O senhor caminhou em nossa direção, nos olhou um a um sem demonstrar nenhuma emoção.
- Sou o Capitão-de-Mar-e-Guerra Cortez. O capitão da embarcação queira me acompanhar com os documentos de seus tripulantes? – Respondeu o homem, dando as costas e seguindo para o corredor.
Meu irmão se levantou, pegou as identidades de cada um de nós e seguiu para onde o homem havia se dirigido.
O corredor não era muito longo, havia quatro portas, e em cada porta um marinheiro com um fuzil de prontidão ao lado de cada. Na porta nomes e símbolos militares. O capitão seguiu até a última porta, onde o marinheiro bateu continência, onde, aparentemente, foi ignorado. A sala era espaçosa, com troféus, fotos de grandes embarcações, e até mesmo uma espada emoldurada. A mesa aparentava ser antiga, com uma madeira muito bem alisada e preparada.
- Sente-se capitão...?
- Juan, senhor. – Ele se sentou numa cadeira extremamente confortável, onde seu estofado possuía penas para torná-la mais relaxante.

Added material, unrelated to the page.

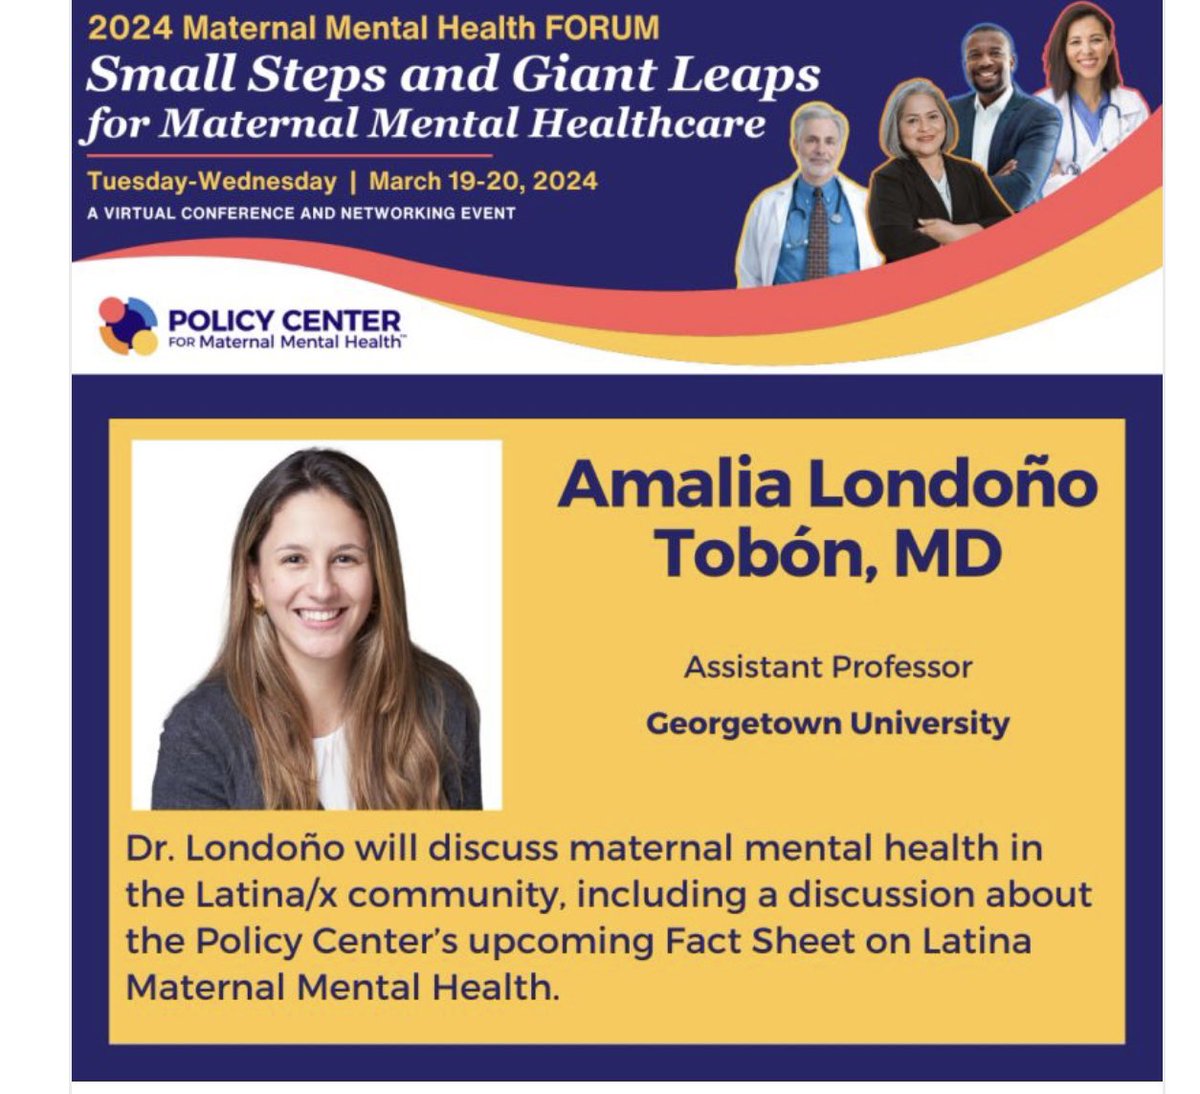 Super excited for the Policy Center for Maternal Mental Health FORUM!! Will be talking about the importance of Latina perinatal #MentalHealth We must close the gap, inequities in care for Latina/x are not acceptable linkedin.com/posts/policyce…

- Me chame de capitão apenas, não precisa me tratar como militar. – Cortez sorriu.
- É o nervosismo, sinto muito capitão.
- Eu entendo. Agora vamos ao que interessa, o que faz neste nosso humilde porto?
- Bem, como minha única família viva são meus tripulantes, resolvi conhecer o país onde meus pais nasceram.

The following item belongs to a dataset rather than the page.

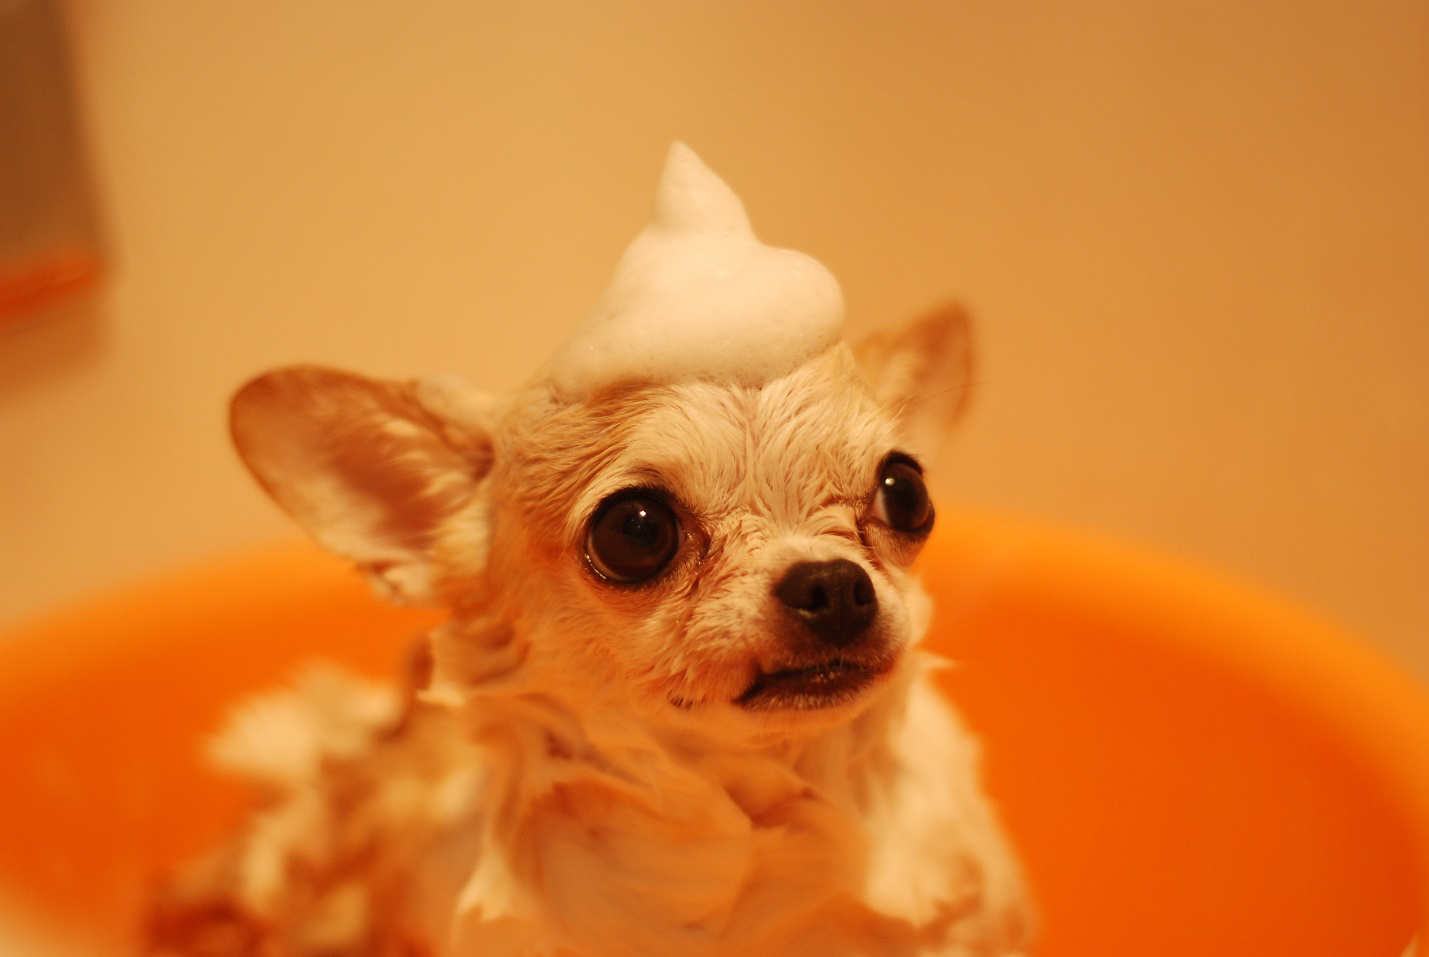 A chihuahua with foam on its head

- Posso saber aonde eles nasceram? – O capitão perguntou enquanto estendia a mão para olhar os documentos da tripulação.
- El Granado, capitão. Viviam de pesca.
- Cidade pequena, tranqüila. Pessoalmente, gosto de passar feriados observando o sol nascer.
- Gostaria de ter uma opinião a respeito, mas não a conheço.
- Você e seu irmão irão conhecer. Sua descendência lhes da direito a um passe livre em nosso país. Infelizmente, seus tripulantes são puramente brasileiros. Não poderão sair desta cidade sem uma autorização de nosso governo.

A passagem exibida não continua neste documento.